Chapter 750: The Elder of Return (3) - The Eccentric Entomologist is Now a Queen's Consort - NovelsTime

The Eccentric Entomologist is Now a Queen's Consort

Chapter 750: The Elder of Return (3)

Author: Arkalphaze
updatedAt: 2025-11-12

CHAPTER 750: THE ELDER OF RETURN (3)

"Hive?" His voice came out low, as if he didn’t want to wake the cliff.

Pinging.

He held very still with his mouth closed and his ribs a little lifted. The answer came like a note plucked on a string running through his spine: thin, proud, patient. Not loud, not demanding—present. The Queen. Faint, but hers. A pressure in the air behind the thought, like a distant heartbeat he remembered from a dream.

Chimera hive signature within range. Probable outer valley, west face. We are near Silvarion Thalor.

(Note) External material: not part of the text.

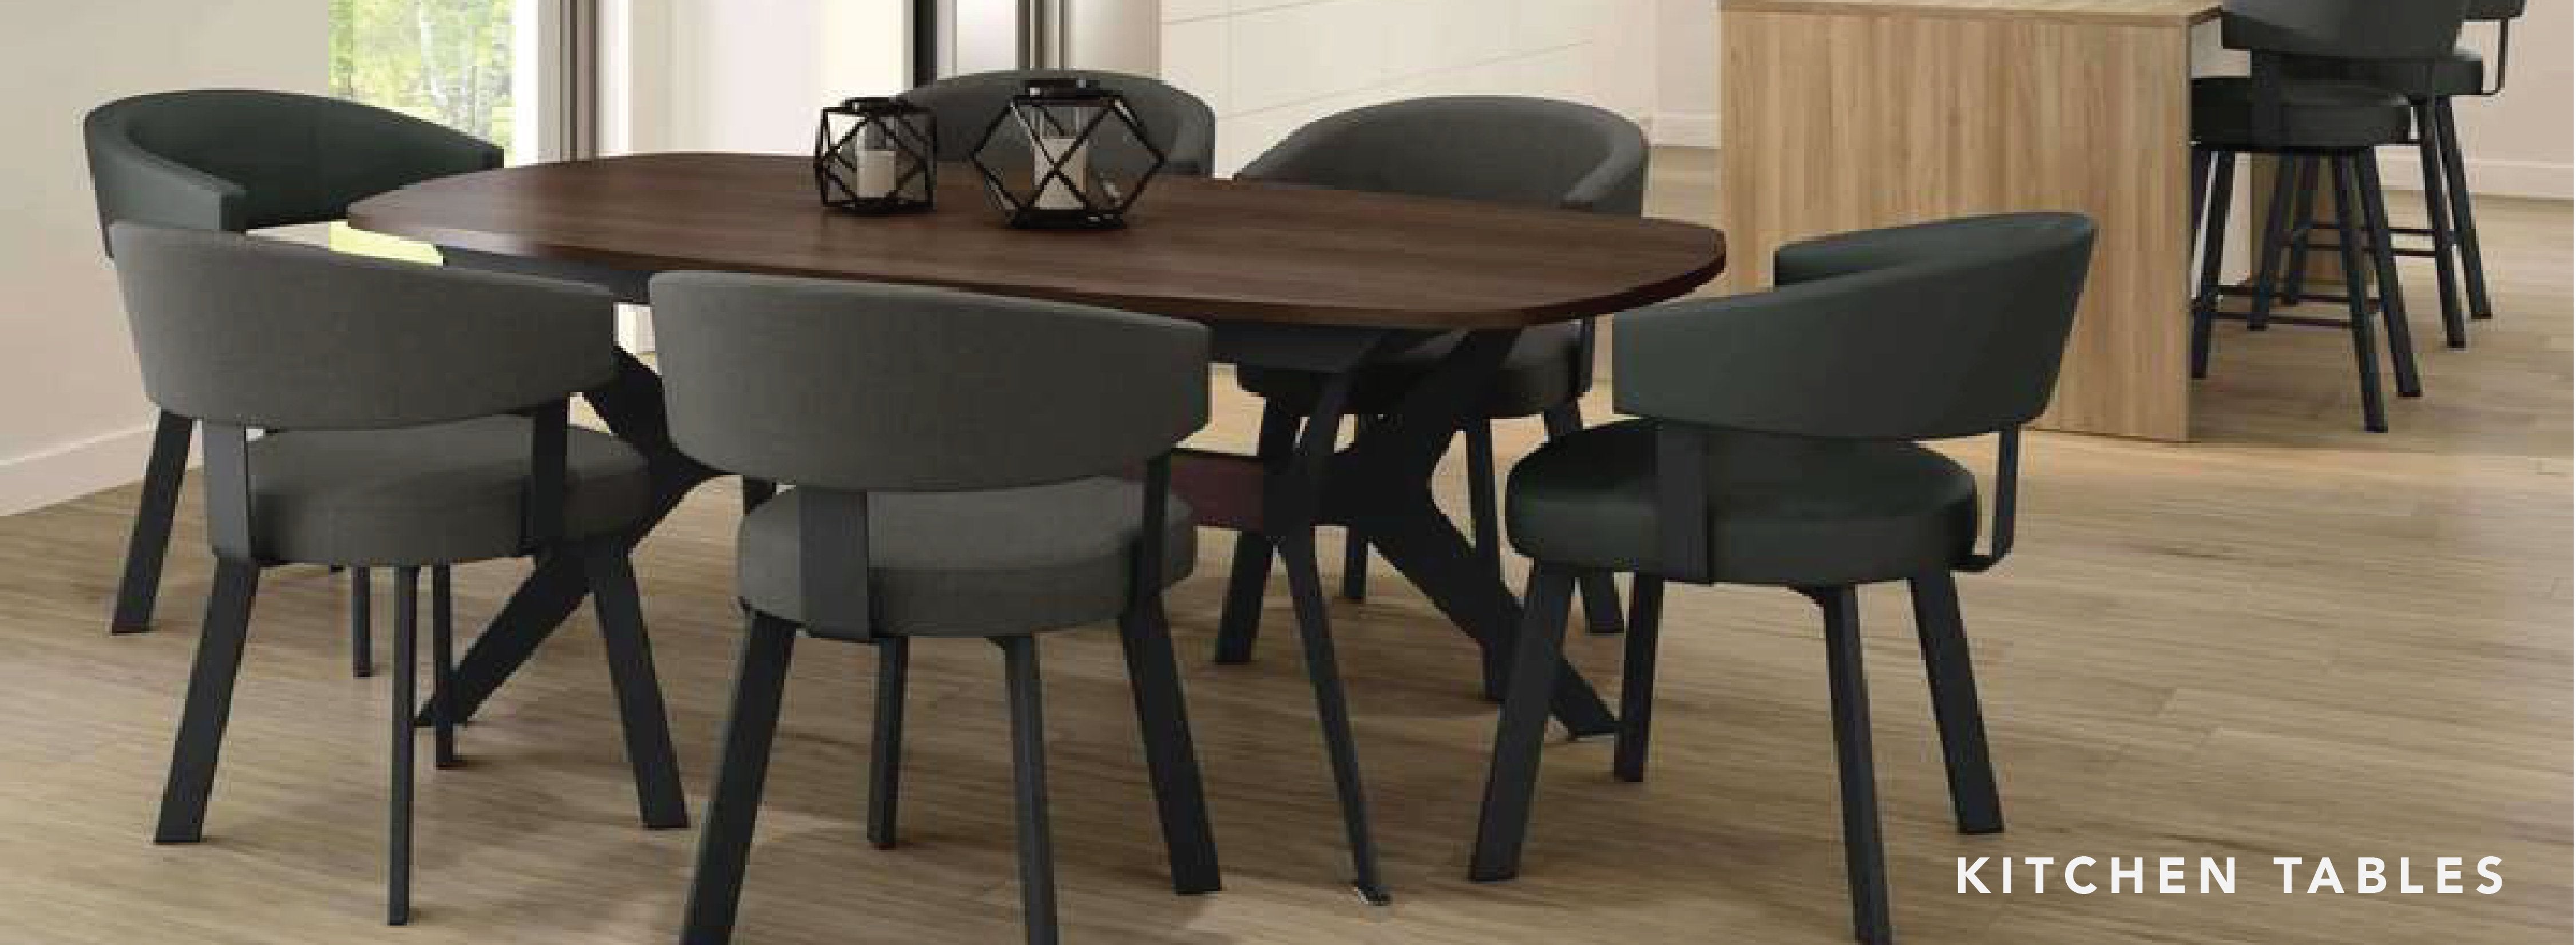 buy kitchen table canada

Silvarion. The word settled into him like warm bread. He swallowed once, because the inside of his mouth had gone dry from all the sudden geography.

He checked his pack the way fingers check a pulse—quick, exact. Pebbles left, yes; he could feel the smoothness. Sap gone; the vial had been bled honest. Elites re-leashed; tokens heavy and quiet. Knuckles scraped; skin sang a small song that promised scabs later. Pride intact and still too chatty. Stay quiet, you. We’re standing on a cliff.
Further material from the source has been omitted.